DOGS

Susan Hanson's dog, AnnieIt’s easy to forget that beyond her soulful eyes, velvety ears, and comical nature, the dog in my living room is a biological marvel. Like all canines, she inhabits a world that humans can know only partially—the world of scent.

Estimates vary, but according to the Sensory Research Institute at Florida State University, “canines' sense of smell is generally 10,000 to 100,000 times superior to that of humans.” The reasons for this lie not only in the structure of the dog’s nose—what Whole Dog Journal describes as “a veritable maze” where scents are “trapped in mucus and processed by the sensory cells”—but also in the animal’s brain, approximately one-third of which is devoted to interpreting smells. 

Once a scent reaches the dog’s brain, the Journal continues, it travels beyond the frontal cortex and into “centers for emotions, memory, and pleasure.” How a dog “reads” a scent, then, is far more complex than we might imagine.

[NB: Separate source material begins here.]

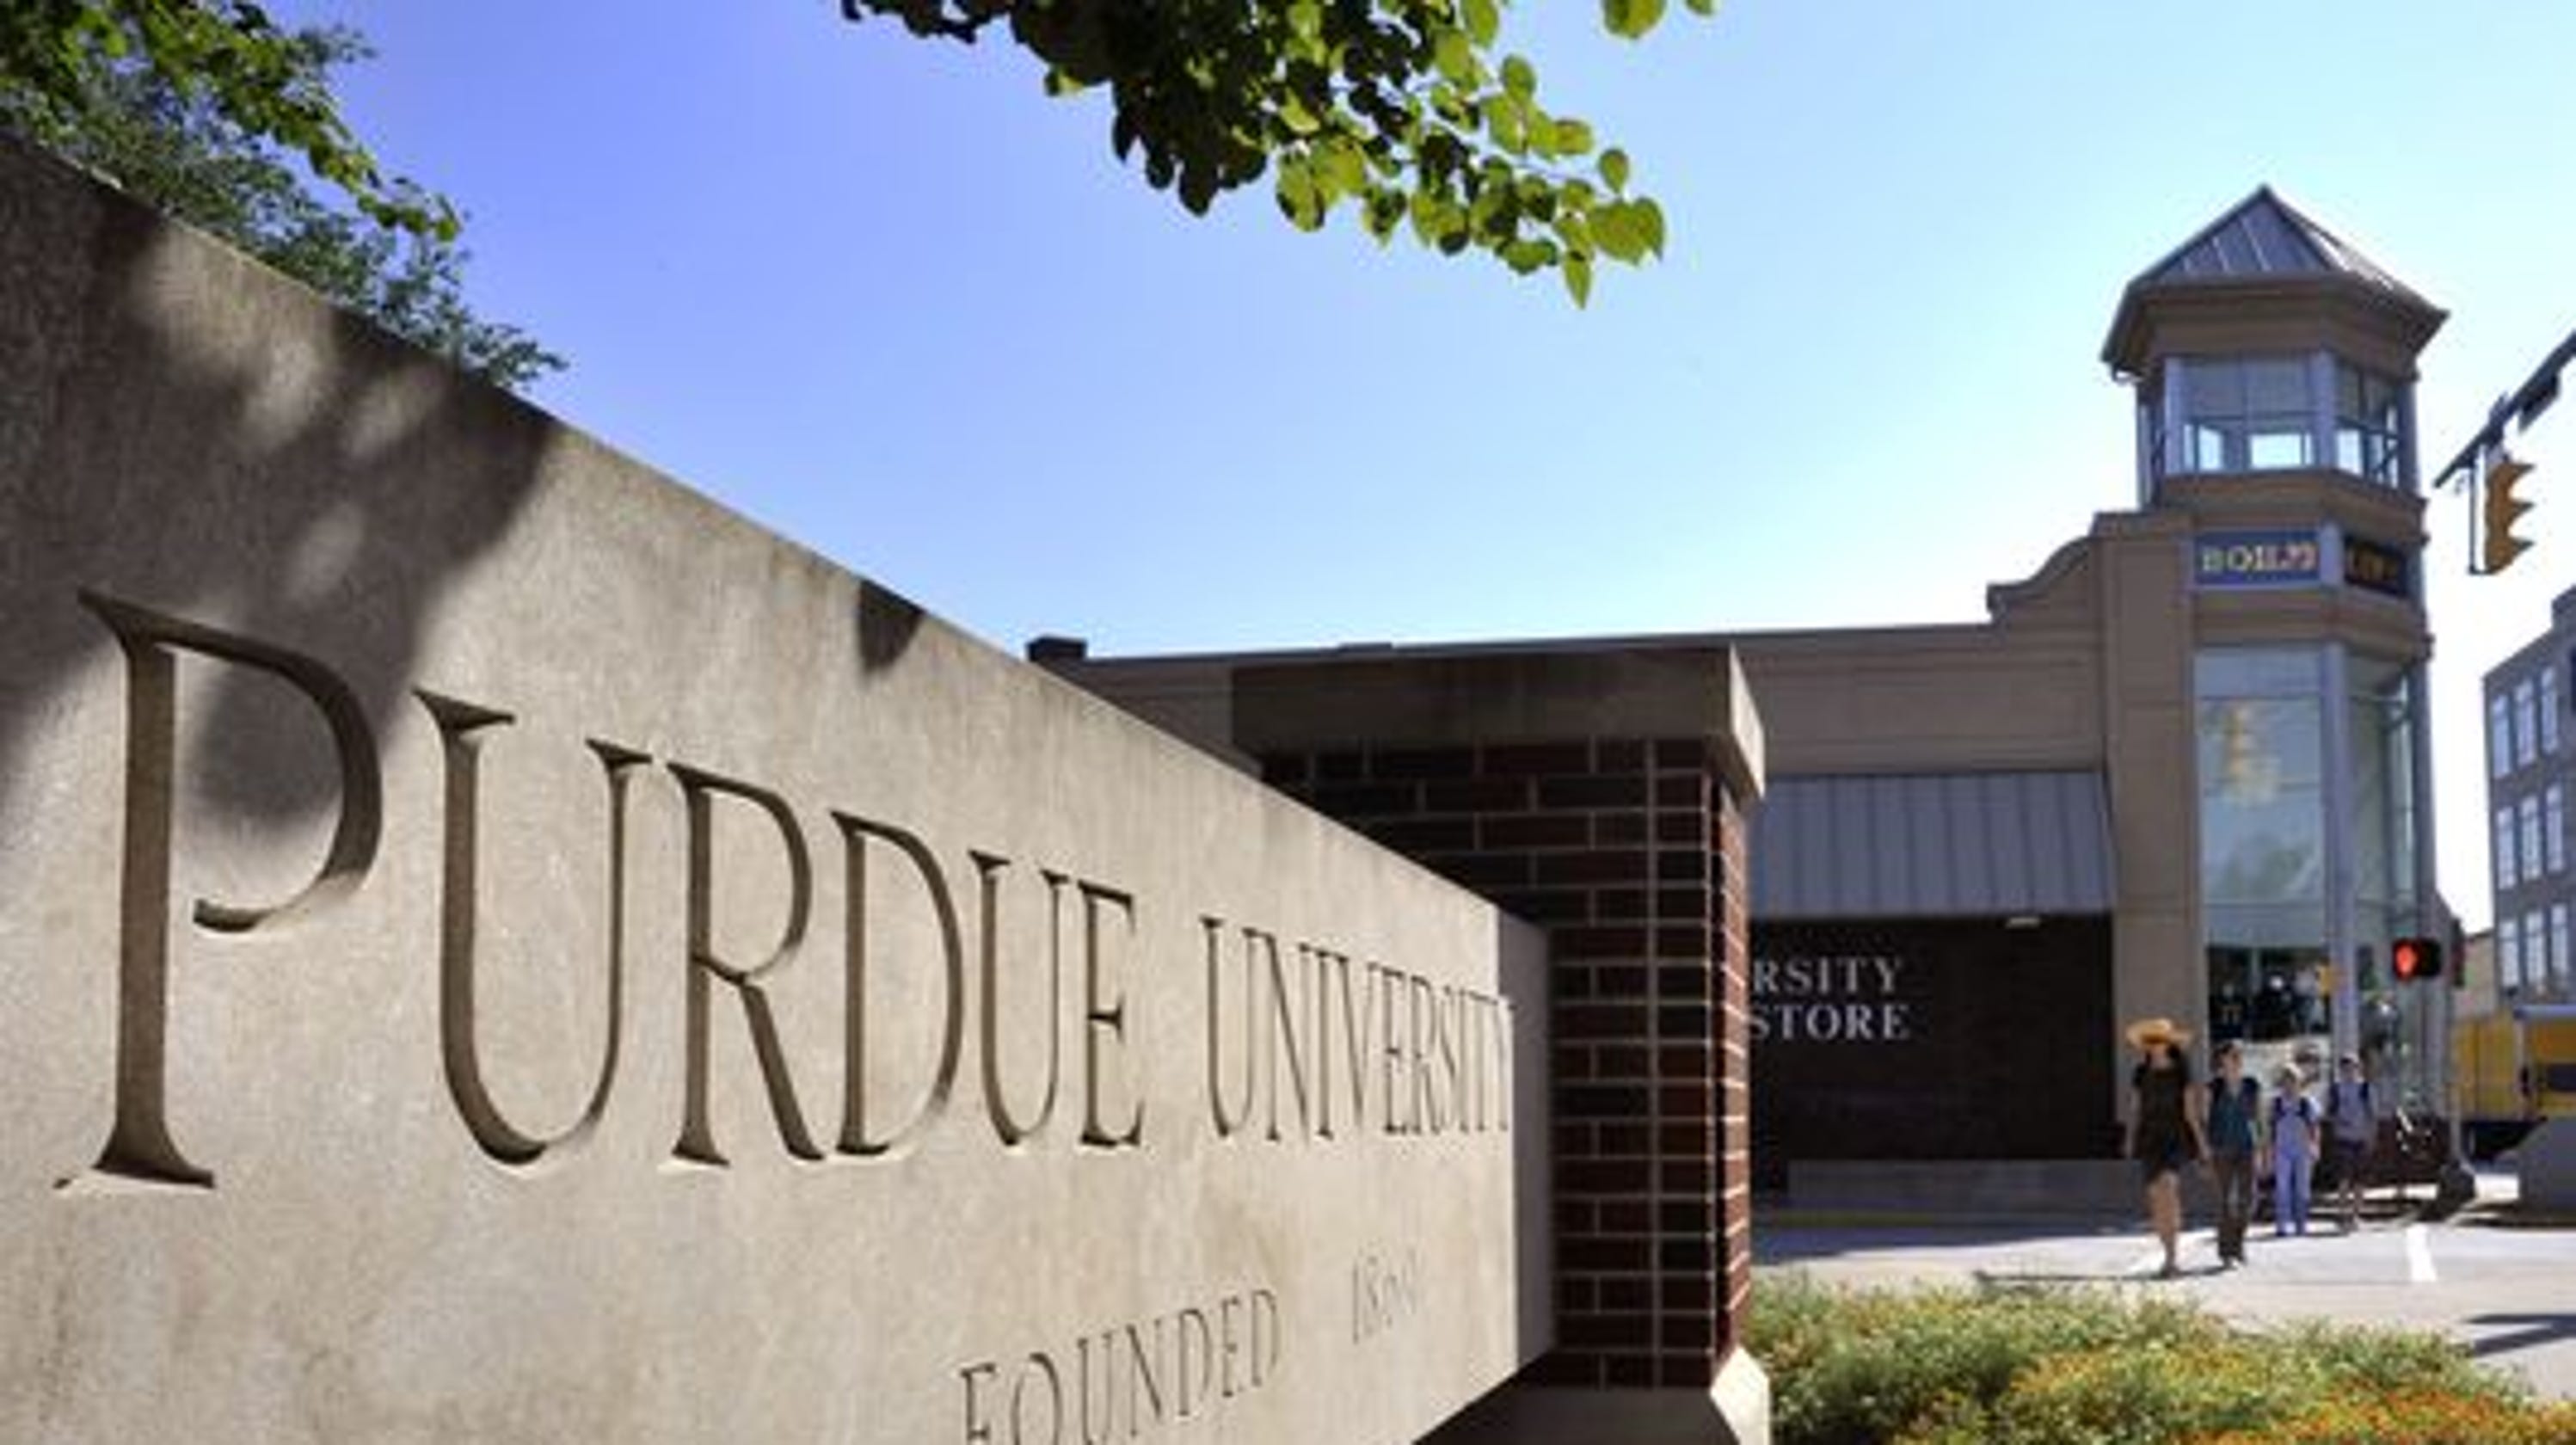 Purdue University Answers 5 Questions - MetroMBA

Thanks to their uncanny sense of smell, dogs have long been used for tracking, sometimes successfully following trails as much as eight weeks old. More recently they’ve been employed for locating victims of disasters—both the living and the dead—and detecting the presence of drugs, firearms, and explosives. Perhaps most exciting of all, though, is the dog’s potential as a diagnostic tool to “sniff out” cancerous tumors in human beings.

Put another way, the dog in my living room—when I look at her with fresh eyes—reminds me that what I know is indeed partial. There are other realities beyond what I can see and hear. The world and its creatures have much to teach me, and I have much to learn.